Since Linux is the most used OS, exploit mitigation techniques could be enabled very easily. Anyhow, they are used quite rarely by most vendors except the NX feature.

A published private key provides no security at all. Nonetheless, all but one vendor spread several private keys in almost all firmware images.

Mirai used hard-coded login credentials to infect thousands of embedded devices in the last years. However, hard-coded credentials can be found in many of the devices and some of them are well known or at least easy crackable.

However, we can tell for sure that the vendors prioritize security differently. AVM does better job than the other vendors regarding most aspects.

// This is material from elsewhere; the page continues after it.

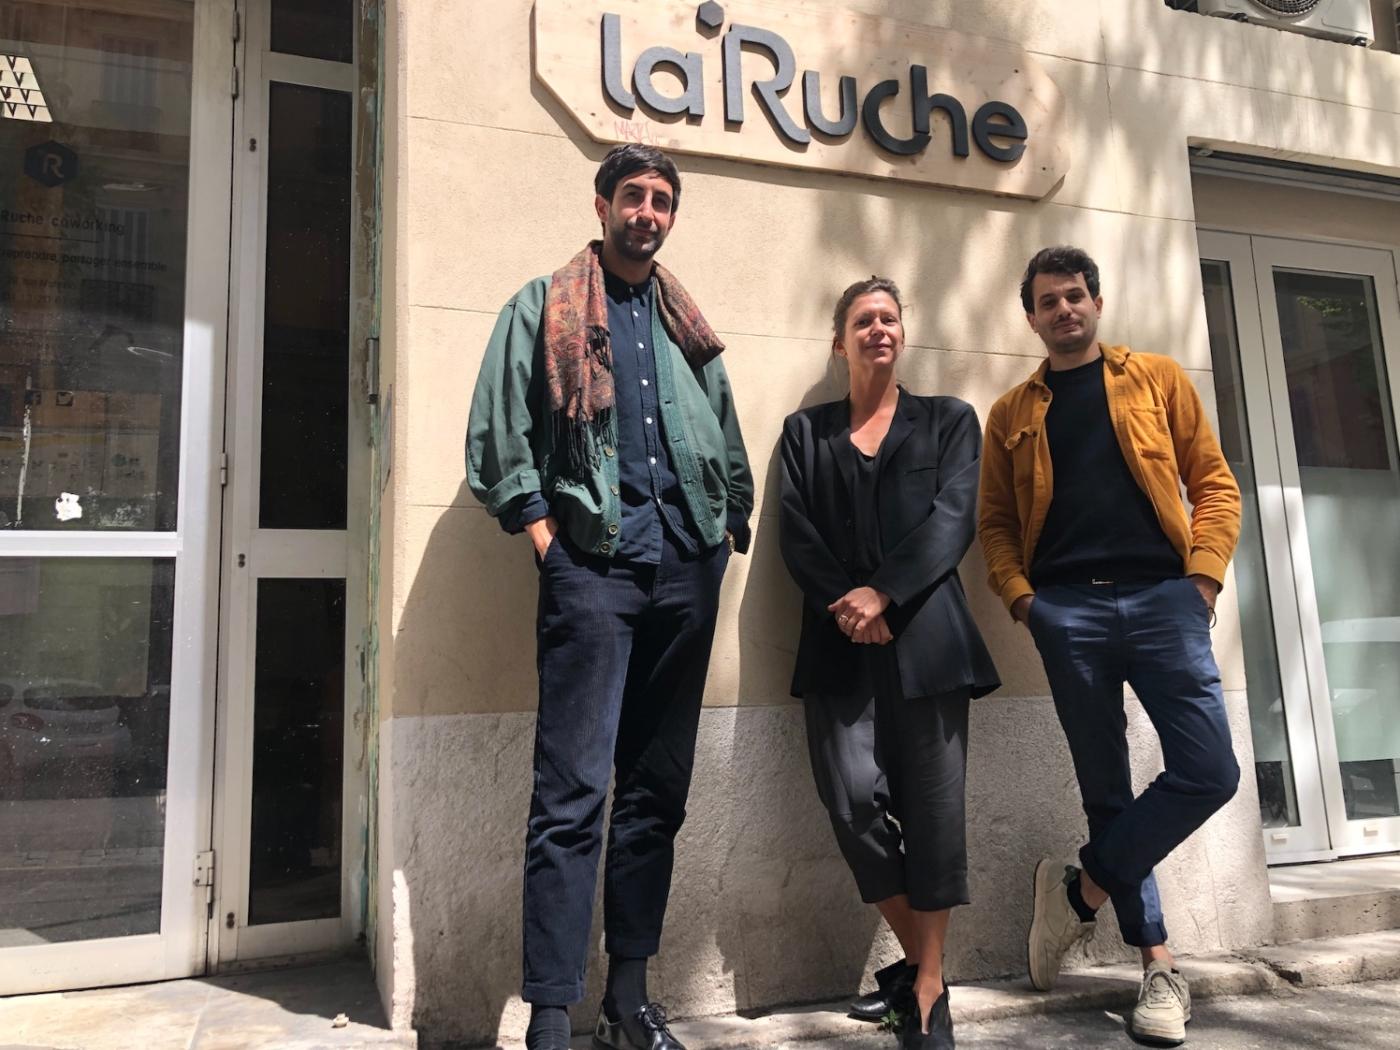 , Octave, l'agence immobilière engagée pour l'environnement, s'installe à La Ruche Marseille, Made in Marseille

ASUS and Netgear do a better job in some aspects than D-Link, Linksys, TP-Link and Zyxel.

Additionally, our evaluation showed that large scale automated security analysis of embedded devices is possible today utilizing just open source software. To sum it up, our analysis shows that there is no router without flaws and there is no vendor who does a perfect job regarding all security aspects. Much more effort is needed to make home routers as secure as current desktop of server systems.

One comment on the report:

One-third ship with Linux kernel version 2.6.36 was released in October 2010. You can walk into a store today and buy a brand new router powered by software that’s almost 10 years out of date! This outdated version of the Linux kernel has 233 known security vulnerabilities registered in the Common Vulnerability and Exposures (CVE) database. The average router contains 26 critically-rated security vulnerabilities, according to the study.

We know the reasons for this. Most routers are designed offshore, by third parties, and then private labeled and sold by the vendors you’ve heard of. Engineering teams come together, design and build the router, and then disperse. There’s often no one around to write patches, and most of the time router firmware isn’t even patchable. The way to update your home router is to throw it away and buy a new one.

And this paper demonstrates that even the new ones aren’t likely to be secure.